Meanwhile, centrist parties displayed less emphasis on global solidarity. The Liberal (Folk) Party sought for Sweden to join NATO, and it supported immigration but not mother-tongue education: “Work, self-support and Swedish [language] are the key to integration. Sweden will be a country where we take advantage of the potential and motivation of people with foreign backgrounds” (FP, 2011b). The Centre Party similarly supported “freedom, democracy and human rights” but sought to eliminate special supports for immigrants and instead “ensure that all basic policies are more inclusive” (CP, 2011b: 1).
The centre-right parties put comparatively greater focus on security, defence and threats. The Christian Democratic Party supported advancing “a market economy that respects the environment and social factors, and that combines freedom and security” (CD, 2011a). The party also favoured “carrying out more deportations” of migrants and having “more detention centers” (CD, 2020). The Conservative (Moderate) Party emphasized protecting the “world order that prevailed during the post-war period,” safeguarding “Sweden's security, freedom and independence” and defending “Sweden's various interests in the international arena” (MP, 2020). The party also took a more selective position on immigration: “Nobody has the right to ask a country to provide for them if they lack a legitimate need for protection” (MP, 2011b: 38).
Lastly, the far-right Sweden Democrats opposed most forms of immigration, calling for “a safe and protected border to keep organized crime, human trafficking and terrorism away” while supporting forms of international co-operation that “puts the conditions for Swedish workers and taxpayers first” (SWD, 2020b).
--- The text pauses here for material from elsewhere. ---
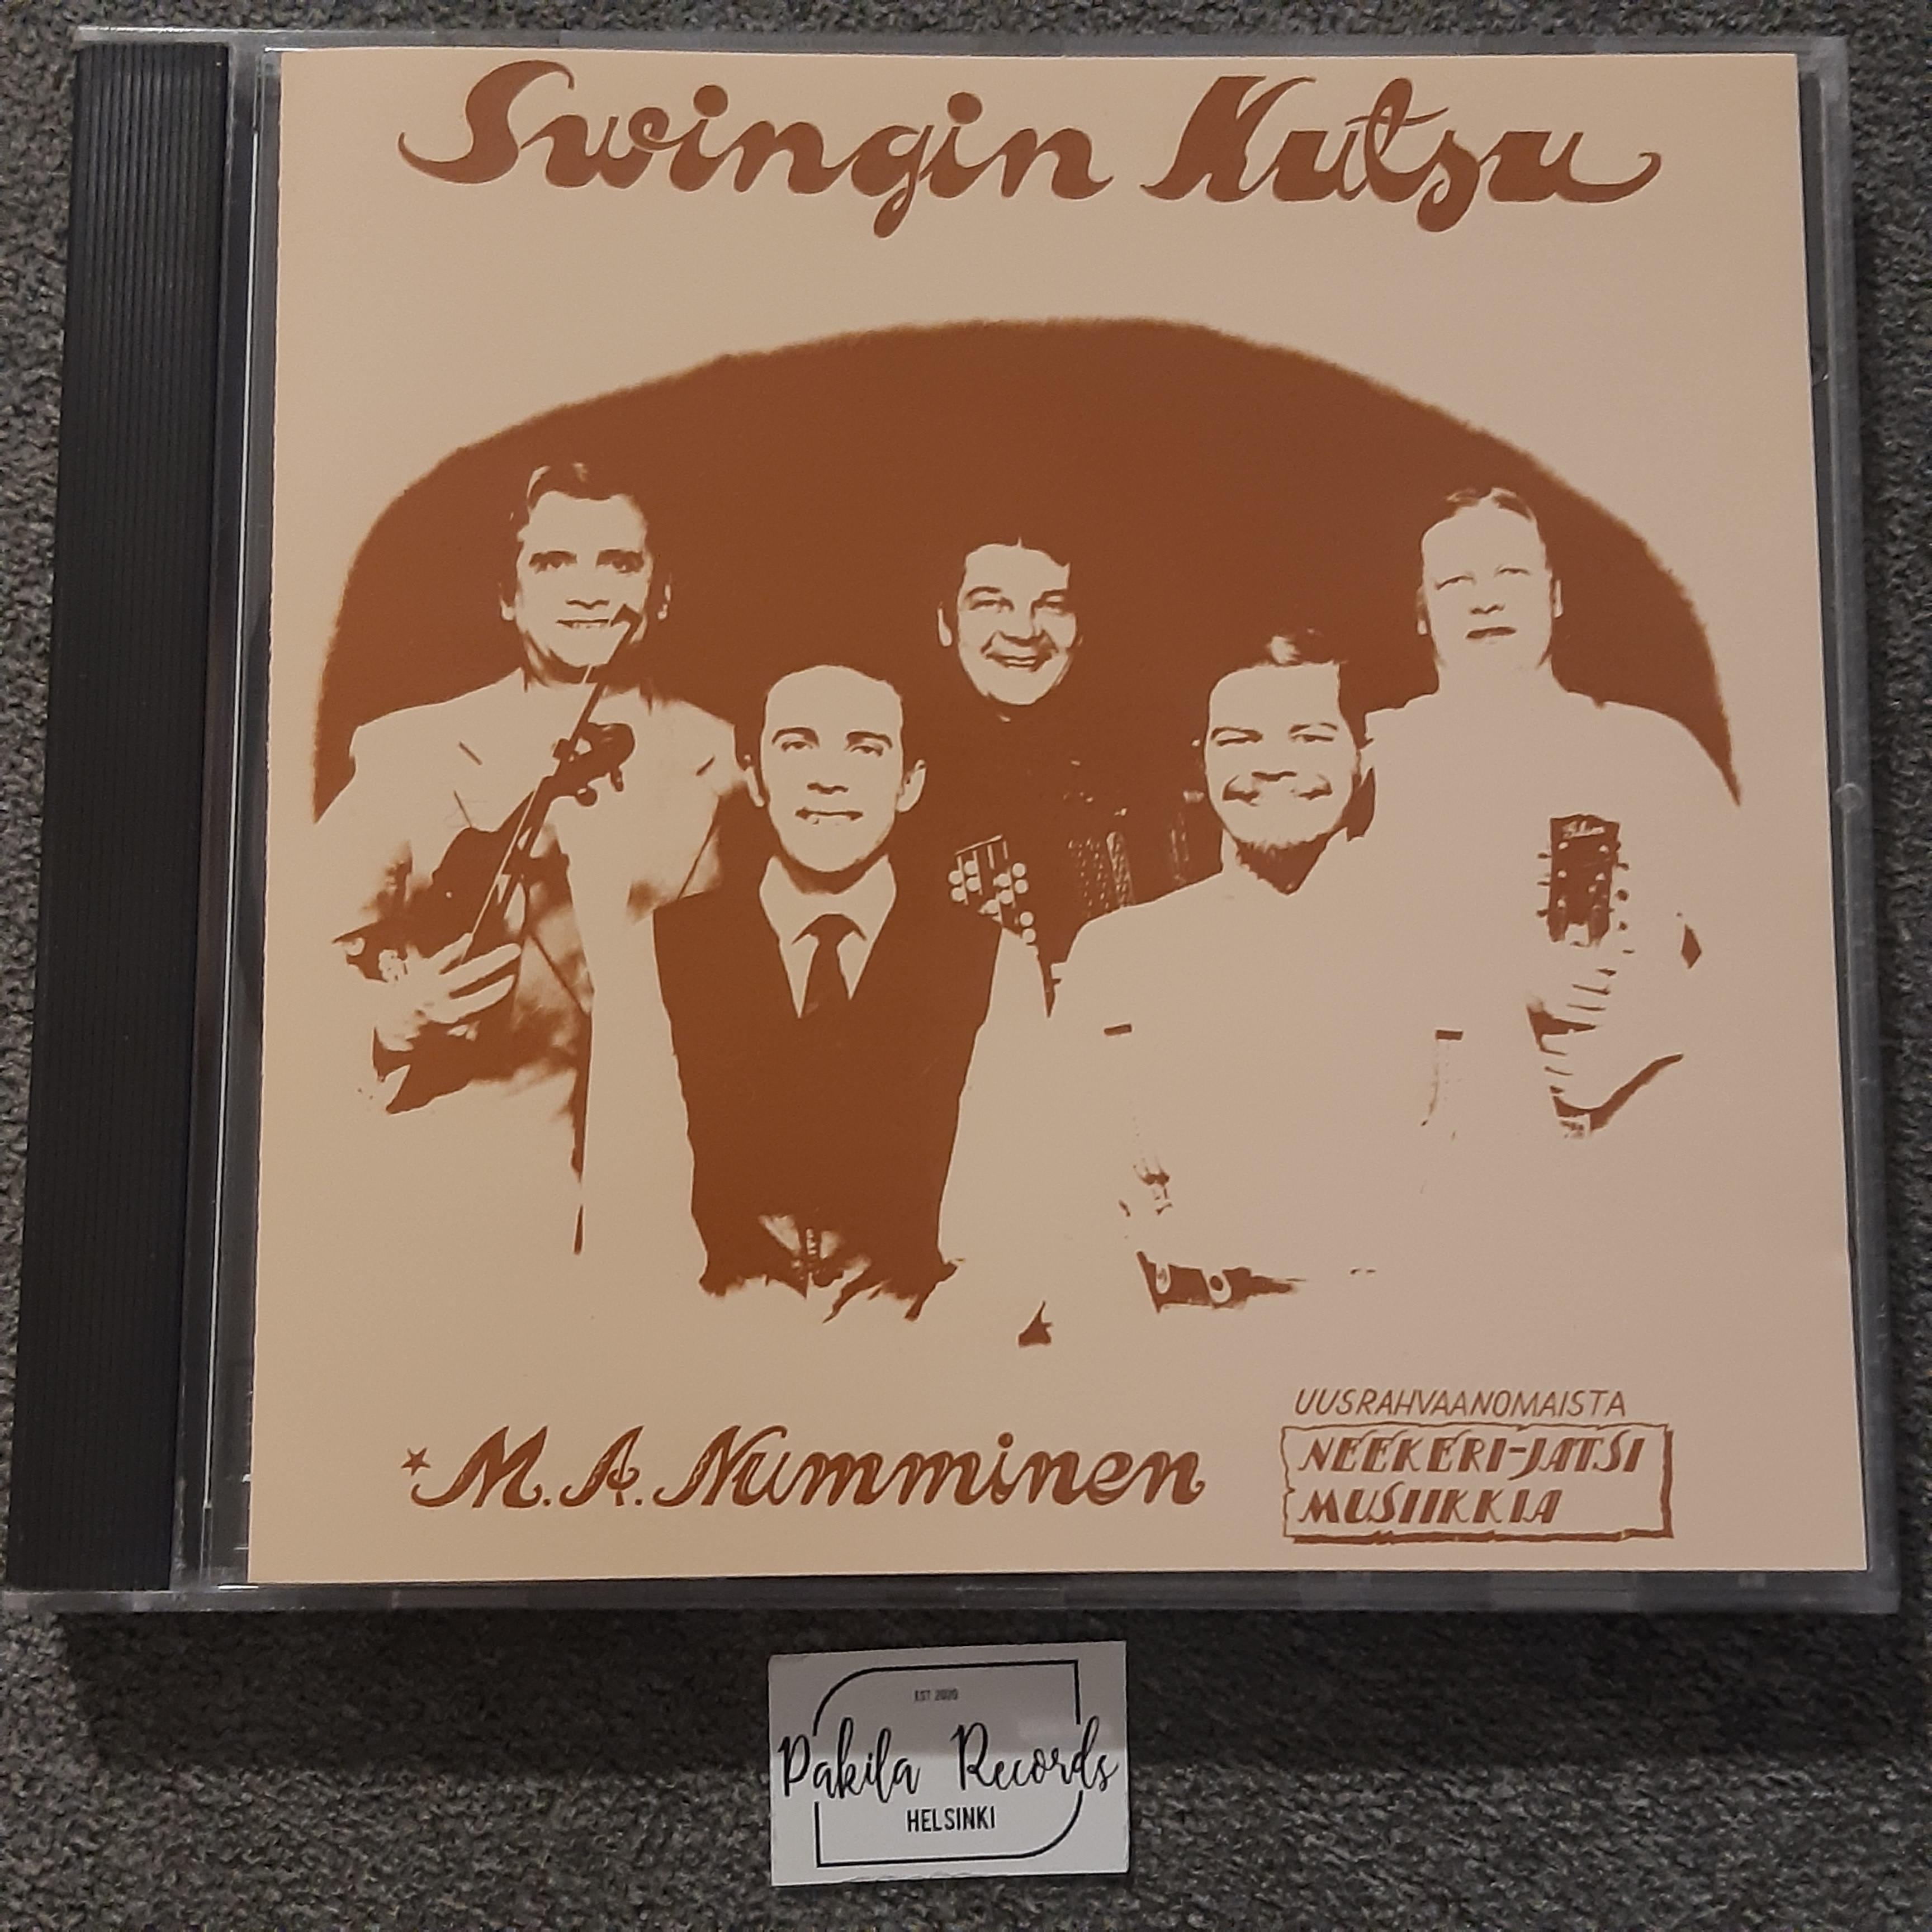 M.A. Numminen - Swingin kutsu - CD (käytetty)

To sum up, in this domain, parties on the right were more nationalistic, emphasizing defence and security (of status quo arrangements), which would protect/sustain existing power concentrations. By contrast, parties on the left were more supportive of diffusing economic and political power to immigrants, foreigners, women, the environment and future generations.
Social policy and the welfare state
On social policy and the welfare state, as expected, leftist parties focused heavily on diffusing power. Sweden's Left Party championed both free universal education and curriculum reform to support power diffusion by promoting equality and “societal” democratization (LP, 2011: 23). Strongly contesting “racism” and “patriarchy,” the Left Party insisted that no one should be excluded from Sweden's generous welfare policies. Centre-left parties also supported reducing power disparities via welfare financing from general taxation. The Social Democratic Party emphasized welfare universality, “stopping the pursuit of profit in welfare” (SDP, 2020b) and upholding “values of solidarity, compassion, justice and equality” (SDP, 2011d). With power diffusion across generations and genders in mind, the party prioritized becoming “the world's best country for children” (SDP, 2011e), “best country in which to grow old” (SDP, 2011f) and for “parents to make more or less equal use of the parental insurance scheme” (SPD, 2011e). Inter-generational and gender-based power diffusion was likewise supported by the Green Party, as was respect for many kinds of diversity, including LGBTQ lifestyles: “The welfare state's security system must be inclusive, general and robust” (GP, 2020).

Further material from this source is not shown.